Viruses cause various damages to the host crops like the mosaic damage, yellowish discoloration, chlorosis, stunted growth, and necrosis which significantly hampers the growth and yield of the crops to about 40–100% [357, 508]. Mosaic viruses affects the foliage of the crops with the formation of yellowish to dark green patches, mottled appearance, curled leaves, and appearance of light-coloured veins [87]. Many mosaic viruses are known till date to affect a vast range of crops. Wherefrom, the most potential viruses are the tobacco mosaic virus, rice stripe mosaic virus, cauliflower mosaic virus, sugarcane mosaic virus, lettuce mosaic virus, and maize mosaic virus infecting tobacco, paddy, pepper, potato, tomato, eggplant, cucumber, petunia, melons, squash, spinach, celery, beet, cereals, wheat, sugarcane, lettuce, maize, and other economically important agricultural crops [633]. Among these, the rice stripe mosaic viruses affecting paddy crops, transmitted by flies were reported to have a field incidence of about 70% with severe loss in the grain production [87, 601]. Tobacco mosaic virus is of profound economic significance as it causes mottled browning of tobacco leaves and stunted growth hampering the quality and market value of the leaves [338]. The virus has also been reported to infect various solanaceous crops affecting their yield and quality [446]. Sugarcane mosaic virus being the next potential pathogen belonging to the genera Potyvirus and family Potyviridae are transmitted by aphids [344] and causes severe damage to the economically significant sugar and energy producing crops sugarcane by reducing their yield to about 10–50% and sometime as high as about 60–80% worldwide [595, 612].

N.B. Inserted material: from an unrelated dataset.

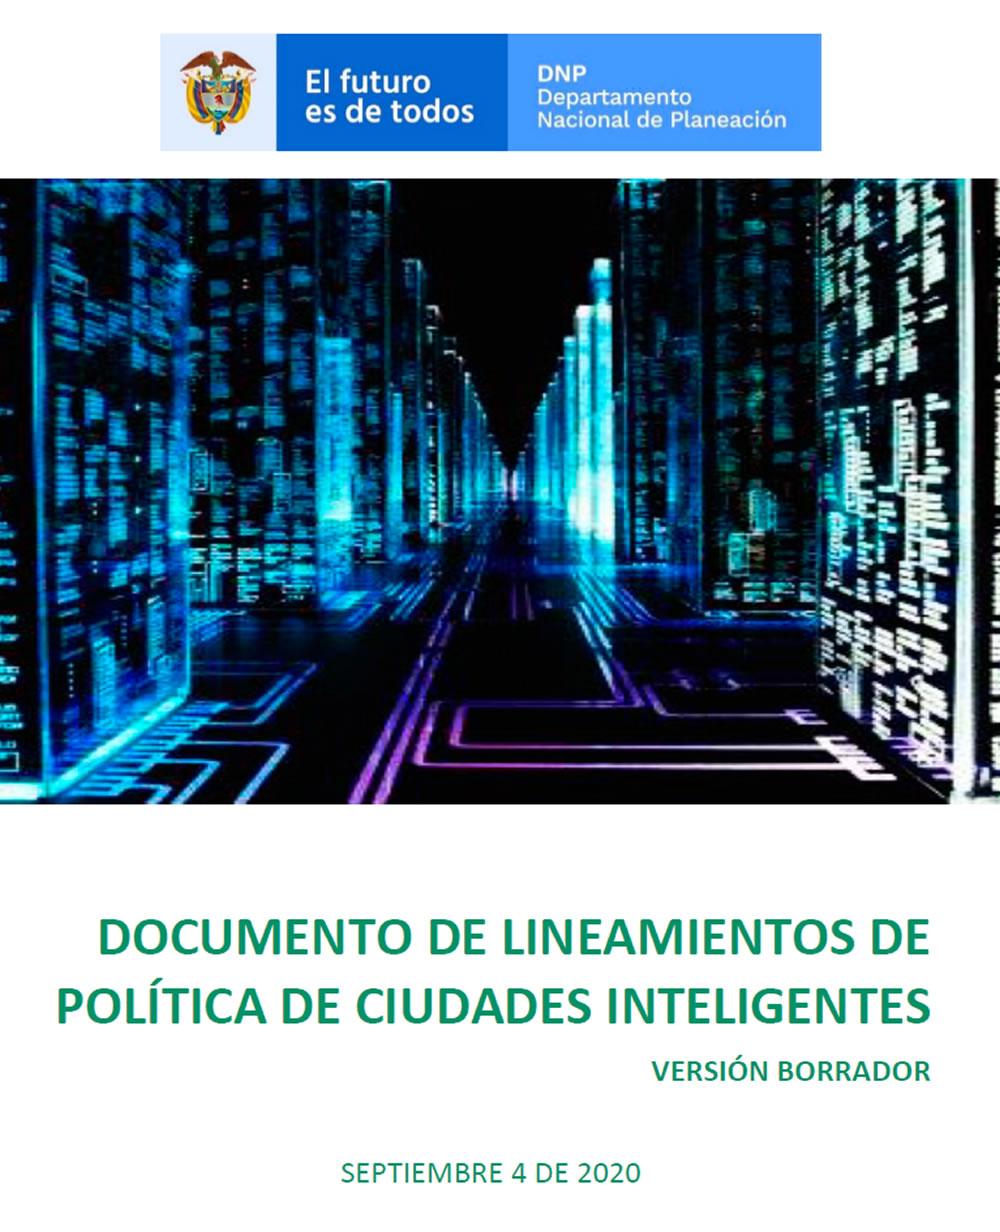 DNP publicó borrador de Lineamientos de política de ciudades inteligentes

Similarly, the leaf roll viruses affecting the fruits (grapes) and vegetable (potato) crops are transmitted by aphids with the characteristic symptoms like stunted growth with erected appearance and leaves roll upwards with leathery and chlorotic texture and appearance [363]. Grapevine leafroll disease caused by grapevine leafroll virus have been known since 1936 for their symptomatic downward leaf rolling, chlorosis, and delayed ripening of fruits reducing the fruit quality and yield to about 40% [13, 367]. It is also estimated by [25] that the virus results in a loss of about 25,000–40,000 USD per hectare of vineyard. Potato leafroll virus being the most devastating virus of the leafroll viruses which belongs to the genus Polerovirus and family Luteoviridae leads to a global yield loss of 20 million tons i.e., 90% loss worldwide [303]. [307] has observed the latent infection caused by the virus in the planting tubers directly affects the rate of tuber germination, crop strength, and the yield of potatoes. Likewise, the leaf curl viruses belonging to the Geminiviridae family are generally transmitted through whiteflies and are known to affect a variety of crops with stunted growth, chlorosis, curling of leaves, and considerable reduction in the fruit yield globally [107, 198, 399, 442, 586]. Among the know leaf curl viruses, tomato yellow leaf curl virus is a potential pathogen causing devastating disease of many crops and tomatoes with severe effects on the fruits especially the depletion in the fruit taste, reduced size, un-uniform ripening of fruits, and severe yield losses worldwide [362, 438, 538]. Further, peanut stunt virus of the family Bromoviridae are known for their stunt disease of peanut crops and soyabean with severe dwarfing or stunting of peanut crops with an annual yield loss of about 10–50% [408, 443].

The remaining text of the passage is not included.